ORPO seems broken with `micro_batch_size` or `eval_batch_size` > 1

Please check that this issue hasn't been reported before.

[X] I searched previous Bug Reports didn't find any similar reports.

Expected Behavior

It should run without an error, as it does when you have micro_batch_size and eval_batch_size set to 1.

Current behaviour

Returns two errors;

ValueError: expected sequence of length 406 at dim 1 (got 75)

ValueError: Unable to create tensor, you should probably activate truncation and/or padding with 'padding=True' 'truncation=True' to have batched tensors with the same length. Perhaps your features (rejected_input_ids in this case) have excessive nesting (inputs type list where type int is expected).
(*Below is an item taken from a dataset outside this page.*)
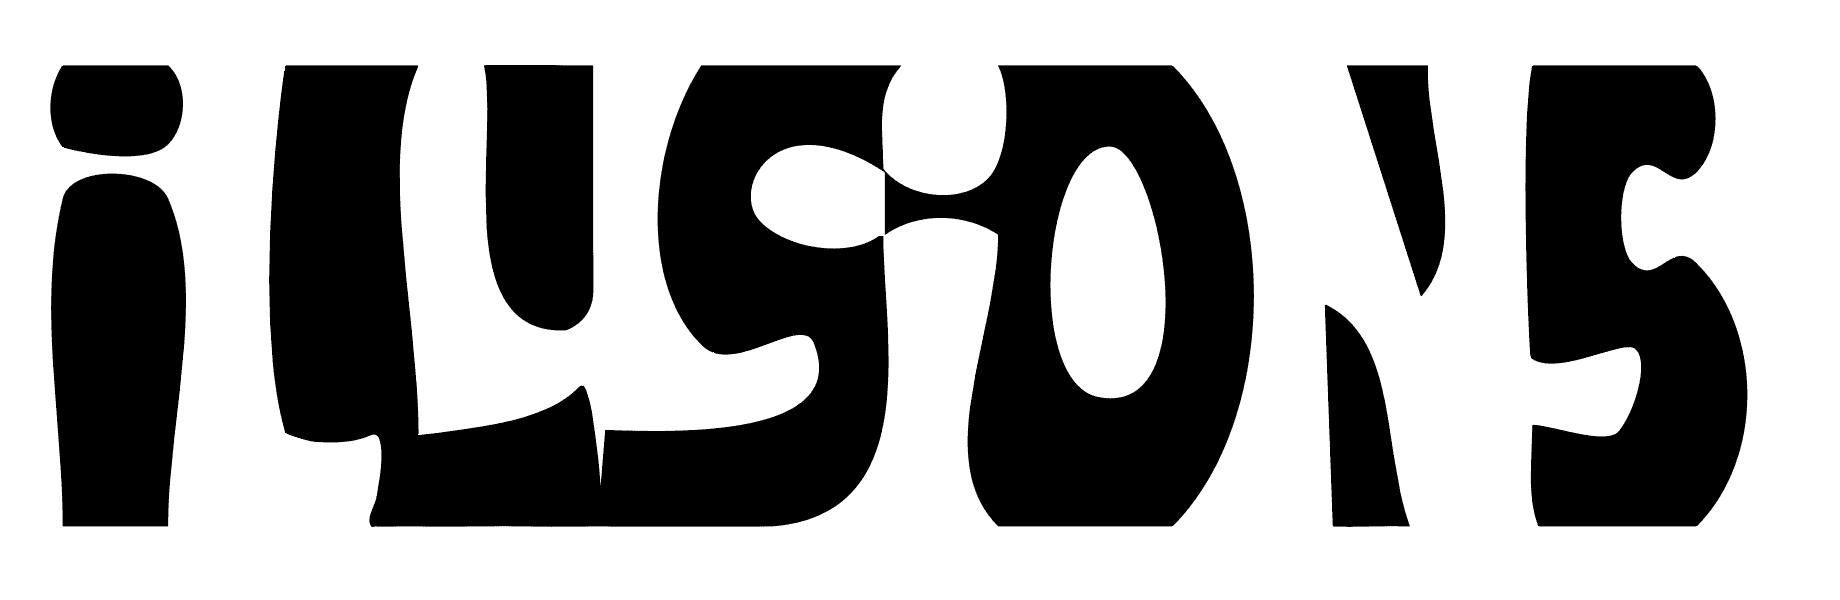 illusion illusions word optical words figure ground designs visual merging langdon inspired ways final john

Traceback (most recent call last):
  File "/media/xzuyn/NVMe/LClones/axolotl/venv/lib/python3.10/site-packages/transformers/tokenization_utils_base.py", line 759, in convert_to_tensors
    tensor = as_tensor(value)
  File "/media/xzuyn/NVMe/LClones/axolotl/venv/lib/python3.10/site-packages/transformers/tokenization_utils_base.py", line 721, in as_tensor
    return torch.tensor(value)
ValueError: expected sequence of length 406 at dim 1 (got 75)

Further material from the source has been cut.